А потому она ждала, наполовину надеясь – Эндрю вернется назад прежде, чем кто-нибудь обнаружит, что он ее бросил. Она оттягивала тот миг, когда придется признаться окружающим в том, что произошло. Ее страшили неизбежные встречи с подругами. И ужаснее всего была необходимость рассказать обо всем Робу и Трише.
В дверь ее спальни постучали.
– Убирайтесь прочь!
Но на этот раз резкий приказ был проигнорирован, и дверь открылась. Лес возмущенно посмотрела на возникшую на пороге Эмму:
– Я же говорила вам, что не хочу, чтобы меня беспокоили по любой причине.
Женщина колебалась только миг, затем вошла в спальню и протянула Лес толстый конверт.
– Прислали на ваше имя. На вид что-то важное.
И быстро ретировалась из комнаты, вновь оставив Лес в одиночестве.

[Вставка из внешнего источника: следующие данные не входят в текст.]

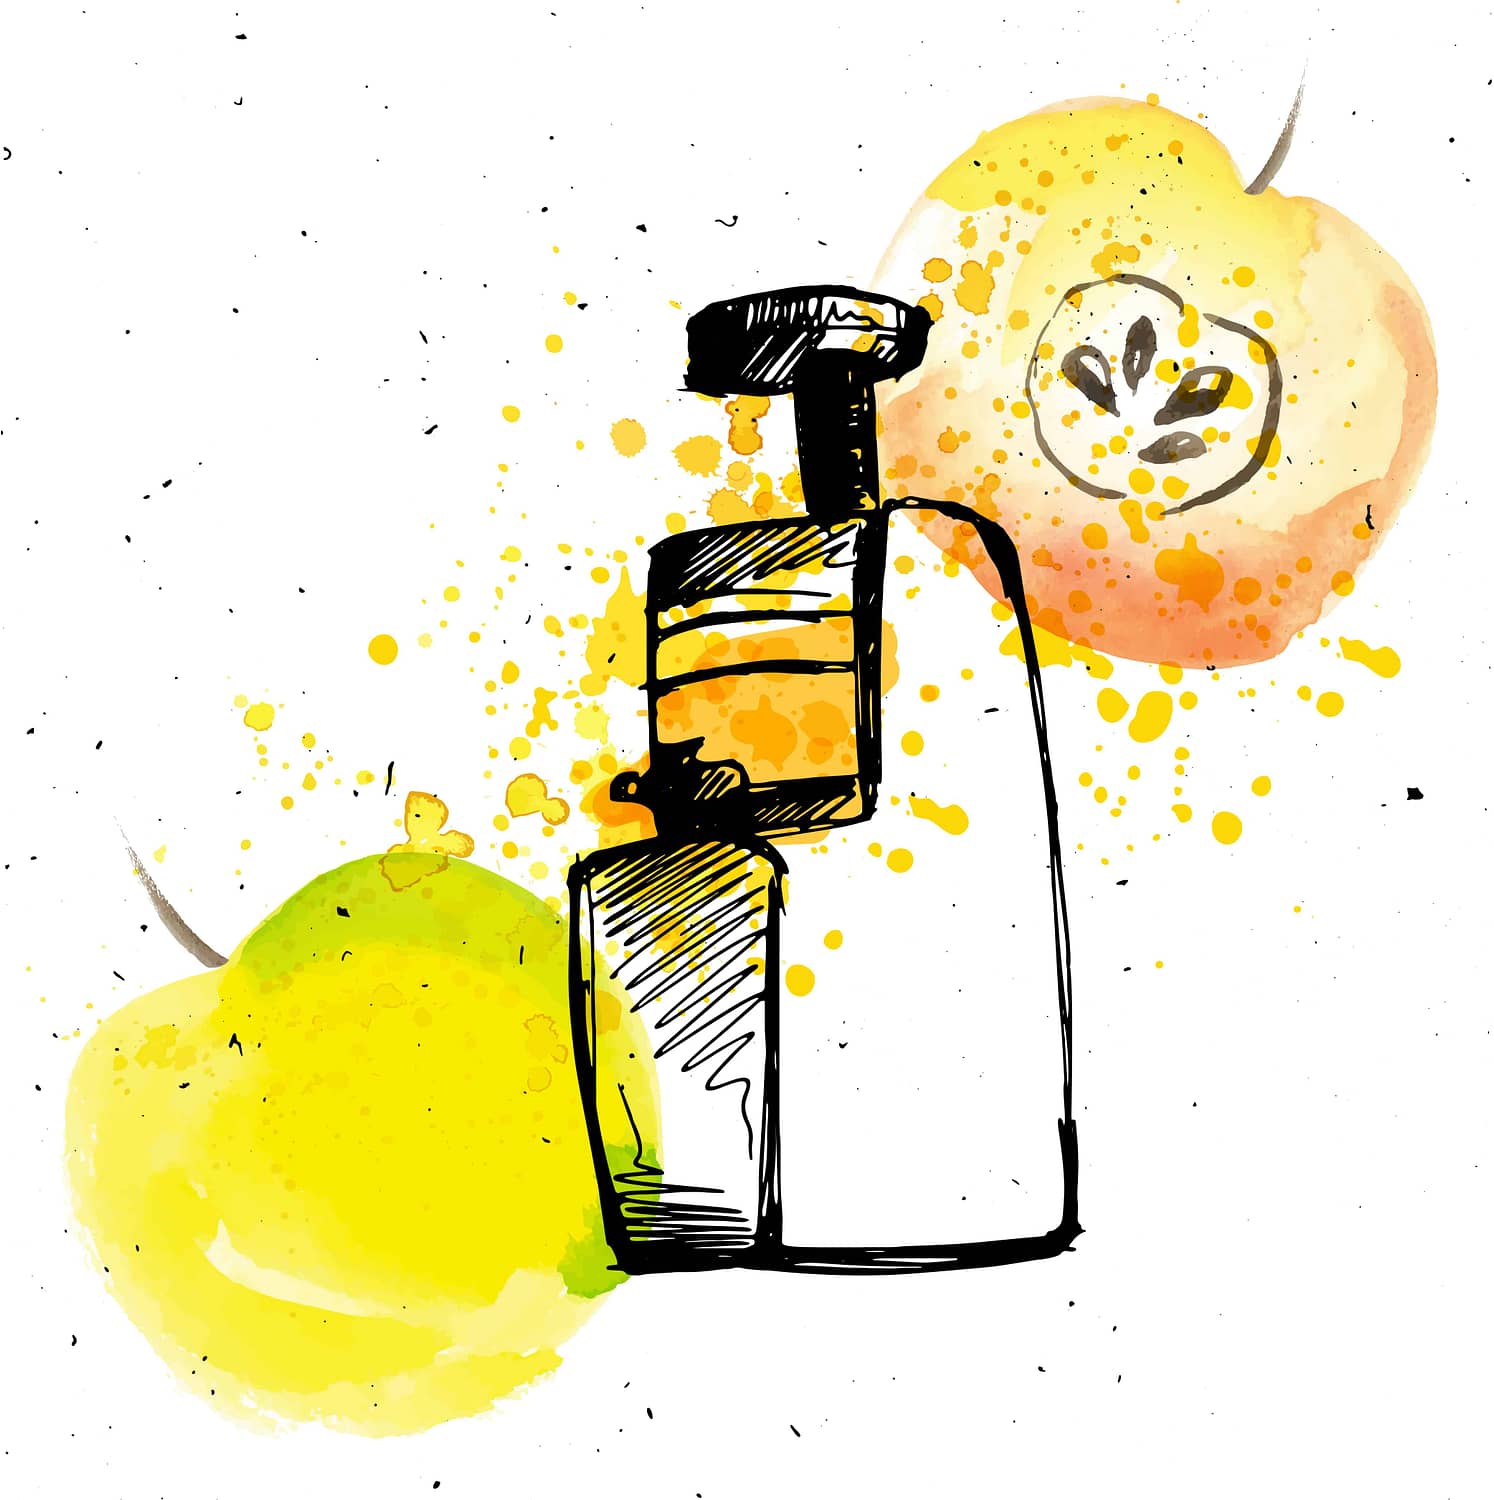 Masticating Juicer with apple. Apple juice with juicer and splashes, sketch hand draw illustration with watercolor elements

Она тяжело уставилась на обратный адрес, напечатанный в левом углу конверта: «Томас, Торндайк и Уолл – адвокаты». Механически подцепила ногтем запечатанный клапан пакета и достала из него официального вида документ. Бегло просмотрела первую страницу. Дальше читать не было нужды. Извещение о том, что Эндрю начинает бракоразводный процесс.
Он не вернется.
Держа извещение в руке, Лес вышла из спальни, где столько лет подряд спала в одиночестве, и спустилась по лестнице к бару в гостиной. Первый стакан со спиртным показался ей безвкусным, как вода, и она смешала себе второй, покрепче, и потянулась к телефону.
– Звонит Лес Томас, дочь Джейка Кинкейда. Я хочу поговорить с Артуром Хиллом…
Ожидая, пока адвокат подойдет к аппарату, она сделала несколько больших глотков из своего стакана. Когда в трубке раздался голос Артура Хилла, Лес объяснила ему суть дела, упоминая так мало подробностей, как это только было возможно.
– Лес, я настоятельно советую вам действовать без всякой спешки. – Хилл был знаком с семейством Кинкейдов множество лет, а потому говорил с ней как отец. – Всегда возможно примирение… и это самый лучший выход.
– Нет, – холодно и решительно отрезала Лес. – Я хочу развестись так быстро и так тихо, как только возможно устроить. Никаких отсрочек.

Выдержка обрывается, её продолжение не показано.